I pulled off my ID lanyard, tucked it into my pocket. If this was about human connection, institutional authority would only create barriers. My palms stayed steady as I smoothed my blazer, though my pulse was up.
The lock clicked—sharp, small.
Inside, Specter’s attention shifted to me fully. His focus landed and held. This close, I could see details the window had hidden. A thin scar along his jawline, neat and straight. Faint chemical burns on his forearms where tattoos might’ve been removed. The micro-tremor in his free hand that suggested recent neural stimulation.
“Dr. Selina Crawford.” Smoke and gravel in that voice, carrying an accent I couldn’t place. Not foreign, but deliberately obscured, like he’d trained himself to speak without origin. “Expert in cognitive reconstruction. Author of ‘Breaking theUnbreakable Mind.’ Guest lecturer at Columbia, currently on sabbatical due to ongoing research commitments. Though I suspect your real reason for leaving was more personal. Something that made you question whether all minds can truly be healed.”
I kept my expression neutral, though something cold settled in my chest.
“How do you…”
“Know about the work that makes you question your own methods?” He tilted his head, studying my reaction with cold curiosity. “SENTINEL’s files aren’t as secure as they think. Or maybe I’m remembering things I shouldn’t know. Hard to tell the difference anymore.”
Every instinct told me to run, but I took the chair positioned precisely at the limit of his reach. “If you’ve read my files, then you know I don’t give up easily.”
“No.” Something shifted in his expression: surprise, perhaps, or respect. “You don’t. Even when you should. Even when it costs you everything.” He leaned forward, the restraint pulling taut. “Tell me, Doctor, do you still have moments where you doubt your own judgment? When you wonder if some minds are meant to stay broken? Ever felt like you were flinching when someone moves too fast?”
My pulse quickened, but I kept my hands steady on my lap.
“We’re not here to discuss my methods.”
“Aren’t we?” He settled back, that disturbing smile curving at his lips again. “People like us spot each other. It’s why Dawson really chose you. Not for your expertise, but because you’ve been tested by failure too. You understand what it’s like to have your certainties shaken, to realize that some damage might be permanent.”
“Is that what happened to you? Someone convinced you that your original self wasn’t worth saving?”
“Someone.” The laugh came low and bitter. “Such a small word for such a large absence. I know there was a before. I can feel the shape of it, like a hole in my jaw where a tooth was pulled. But when I reach for it…” Fingers pressed to his temple, wincing. “Have you ever tried to remember a dream while you’re still dreaming it? The harder you grasp, the faster it dissolves.”
“The conditioning creates neural barriers. Your memories aren’t gone, just isolated. We can work on building bridges…”
“We.” He tested the word like wine. “You’ve already decided to help me. Even knowing what I am. Even knowing what I’ve done.”
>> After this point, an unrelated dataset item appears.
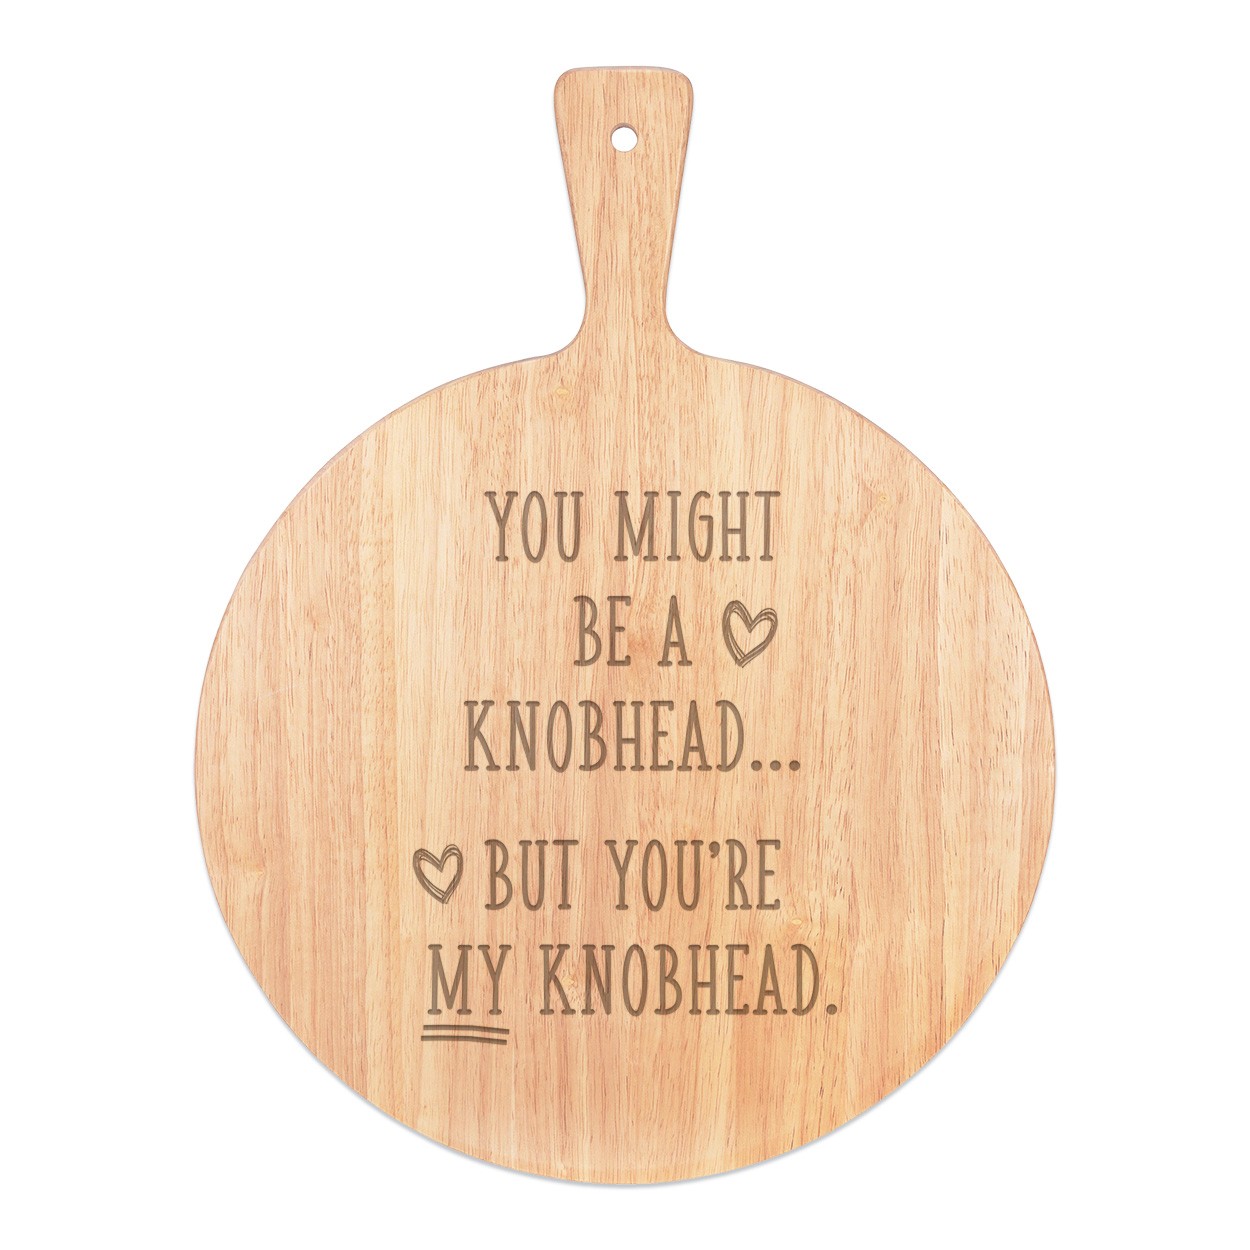 You Might Be A Kn-head But You're My A Kn-head Pizza Board Paddle Serving Tray Handle Round Wooden 45x34cm
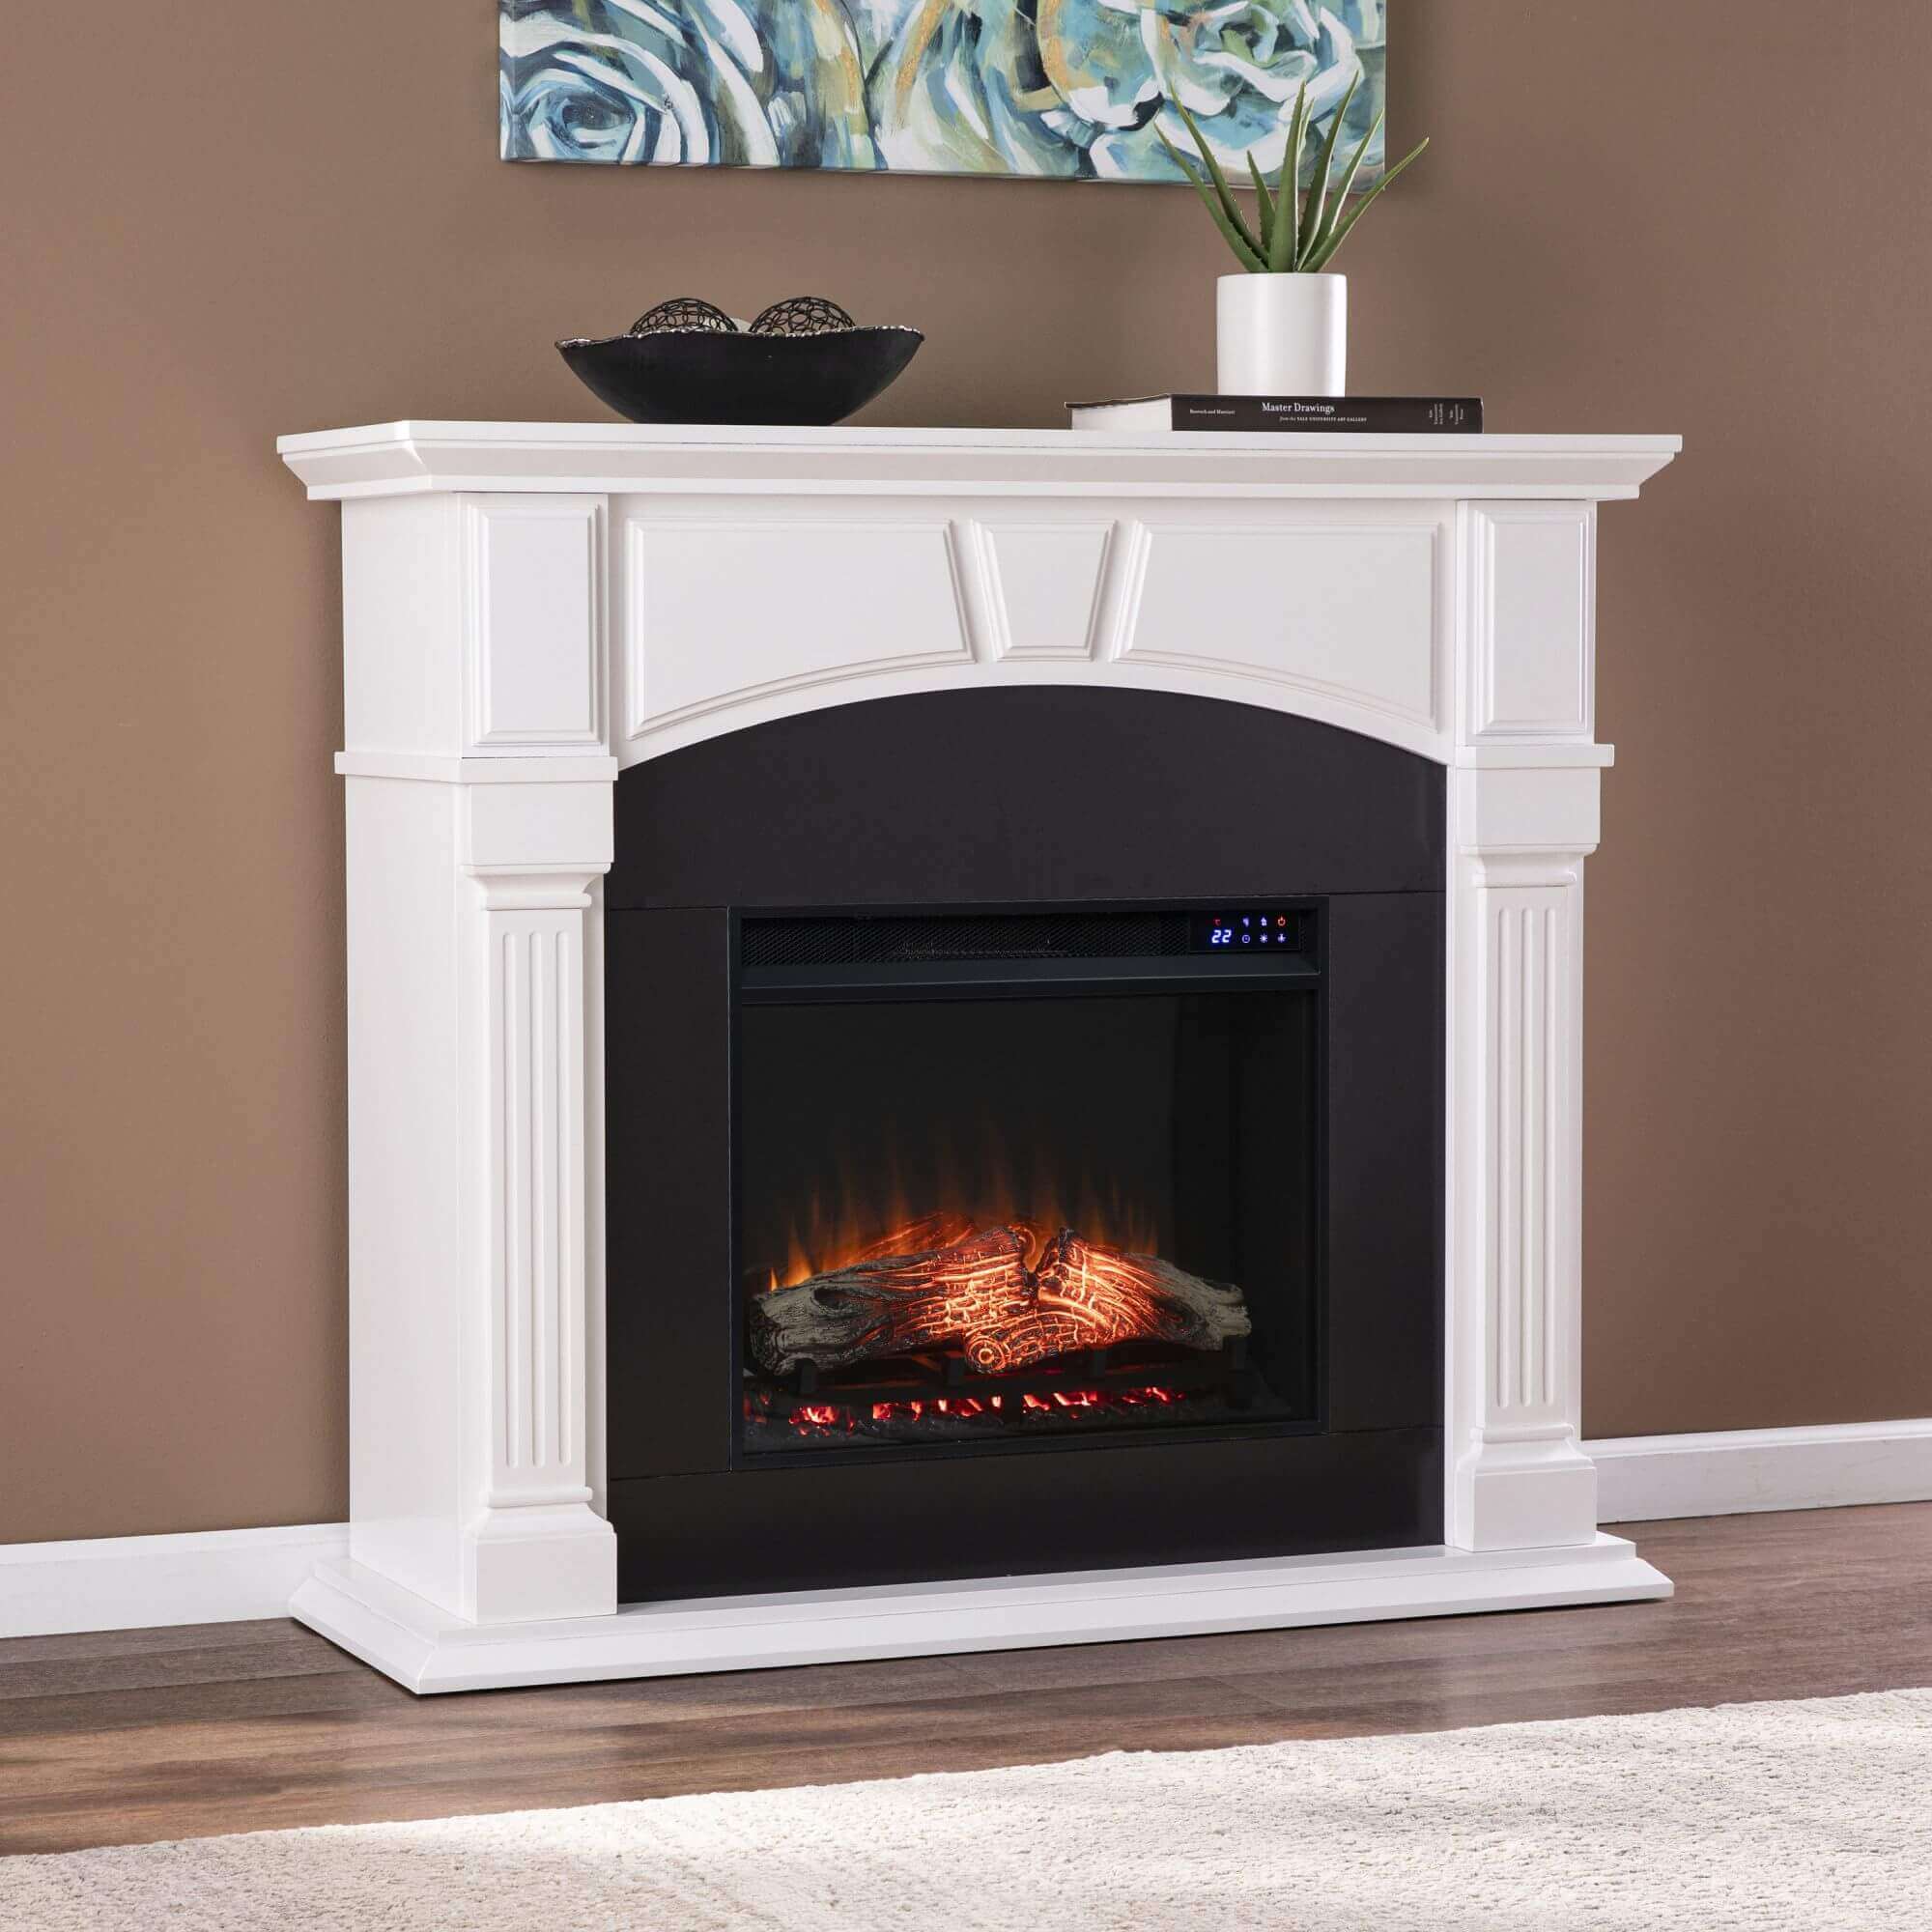 Altonette Electric Fireplace with Touch Screen Control Panel

“I don’t know what you’ve done.”
“I’ve killed people, Doctor. With these hands.” He flexed his free fingers, studying them with detached interest. “I remember the mechanics of it. How much pressure to collapse a windpipe. The angle required to slide a blade between ribs. The way a body goes slack when the brain stem is severed. Clinical knowledge, cleanly preserved. But the faces…” Those steel eyes found mine again. “The faces are smoke.”
“How does that make you feel?”
“You’re asking if I feel guilt? Remorse? Horror?” A pause for consideration. “I feel… curious. Like I’m reading someone else’s diary, trying to understand why they made the choices they did. Is that normal, Doctor? To be a stranger to your own sins?”
“In cases of severe dissociative conditioning, it’s expected. The mind protects itself by…”
“I don’t want protection.” The words came out sharp, hard. His whole body tensed, free fist tightening. “I want to remember. Even if it destroys me. Even if what I find is worse than this nothing.”
“Why?”
“Because someone stole my choices. My sins. My very self.” His volume dropped low. “And I want them back. All of them. Even the monstrous parts. Especially those.”
The conviction in his tone tightened something under my ribs. This wasn’t about redemption or healing. This was about reclamation. Ownership. He wanted his darkness back not to atone for it, but to possess it.
“And if recovering those memories breaks you completely?”
“Then at least I’ll break as myself.”
We stared at each other across the small space, and I recognized something in him I’d never admitted to seeing in a patient before: kinship. The desperate need to own your damage rather than be owned by it.
“I’ll help you. But we do this my way. No games. No manipulation. You want your memories back? Then you have to trust me.”
“Trust.” He savored the concept. “Such a fragile thing to ask of someone who can’t even trust himself.” His gaze held mine steadily. “But then again, you still trust, don’t you? Even after discovering that some patients can’t be saved, that some conditioning runs too deep. That’s what makes you dangerous, Doctor. You still believe in redemption.”